Tennis elbow is a chronic injury that occurs when there is stress, strain or inflammation to the muscles, tendons or ligaments around the elbow joint and forearm. Small tears, called micro tears, form in the tendons and muscles that control the movement of the forearm, which can cause a restriction of movement, inflammation and pain.

If left untreated, this can lead to the formation of scar tissue and calcium deposits, which can put so much pressure on the muscles and nerves that they cut off the blood flow and pinch the nerves responsible for controlling the muscles in the forearm.

Anatomy of the Elbow

To get a better understanding of what tennis elbow is, it’s important to have a general understanding of the structure of the elbow joint, and how the muscles, tendons, ligaments and bones help the elbow joint to function.

As you can see from the diagram below, there are many muscles and tendons that make up the elbow joint and forearm.
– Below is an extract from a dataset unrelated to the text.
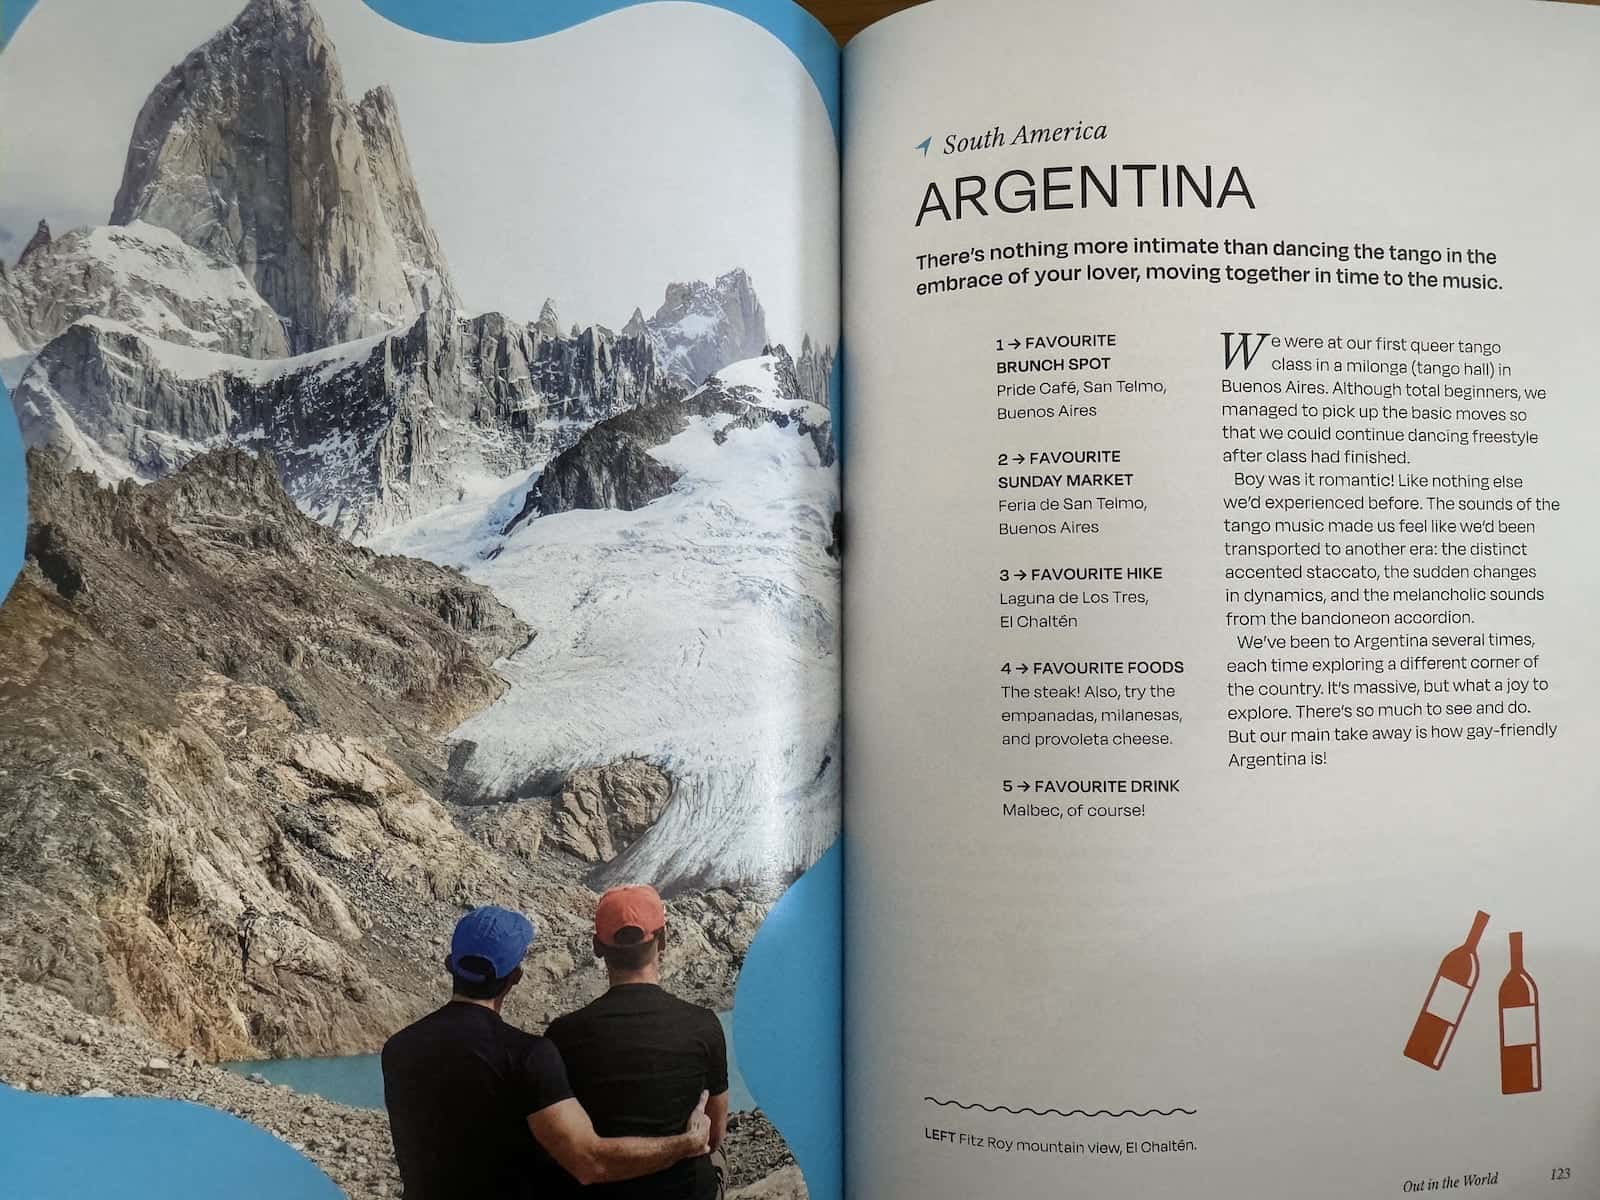 The Argentina section of our gay travel book.

There are also three bones that make up the elbow joint; the Humerus, the Ulna and the Radius.

Tennis Elbow Muscle Anatomy

What Causes Tennis Elbow?

By far the most common cause of tennis elbow is overuse. Any action that places a repetitive and prolonged strain on the forearm muscles, coupled with inadequate rest, will strain and overwork those muscles and associated soft tissues.
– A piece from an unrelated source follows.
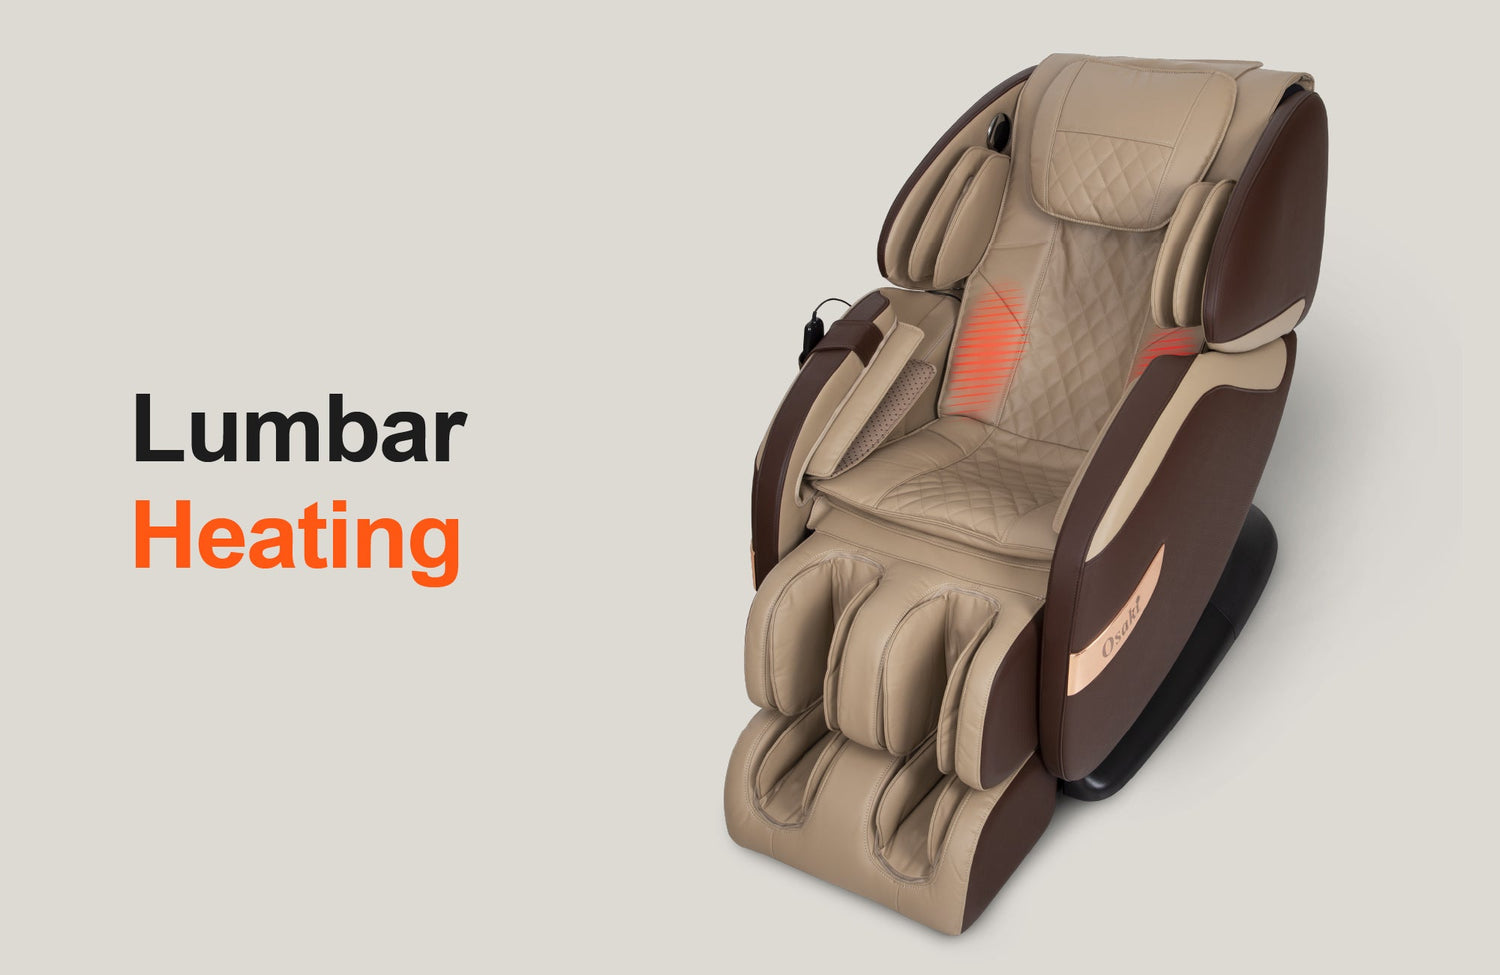 The Osaki OS-Champ includes two heating pads in the lumbar area for heat therapy, enhancing the roller and airbag massage by improving blood circulation and loosening tense muscles.

There are also many other causes, like a direct injury, such as a bump or fall onto the elbow. Poor technique will contribute to the condition, such as using ill-fitted equipment, like tennis racquets, golf clubs, work tools, etc. While poor levels of general fitness and conditioning will also contribute.

Signs and Symptoms

Pain is the most common and obvious symptom associated with tennis elbow. Pain is most often experienced on the outside of the upper forearm, but can also be experienced anywhere from the elbow joint to the wrist.

Weakness, stiffness and a general restriction of movement are also quite common in sufferers of tennis elbow. Even tingling and numbness can be experienced.

Tennis Elbow Injury Treatment

If you do suffer from tennis elbow, it’s important that correct first aid principles are applied immediately. Tennis elbow is a soft tissue injury of the muscles and tendons around the elbow joint, and therefore should be treated like any other soft tissue injury. The RICER regimen explains the correct treatment for all soft tissue injuries. RICER stands for Rest, Ice, Compression, Elevation, and then obtaining a Referral from a qualified sports doctor or physical therapist.

Immediately following an injury, or at the onset of pain…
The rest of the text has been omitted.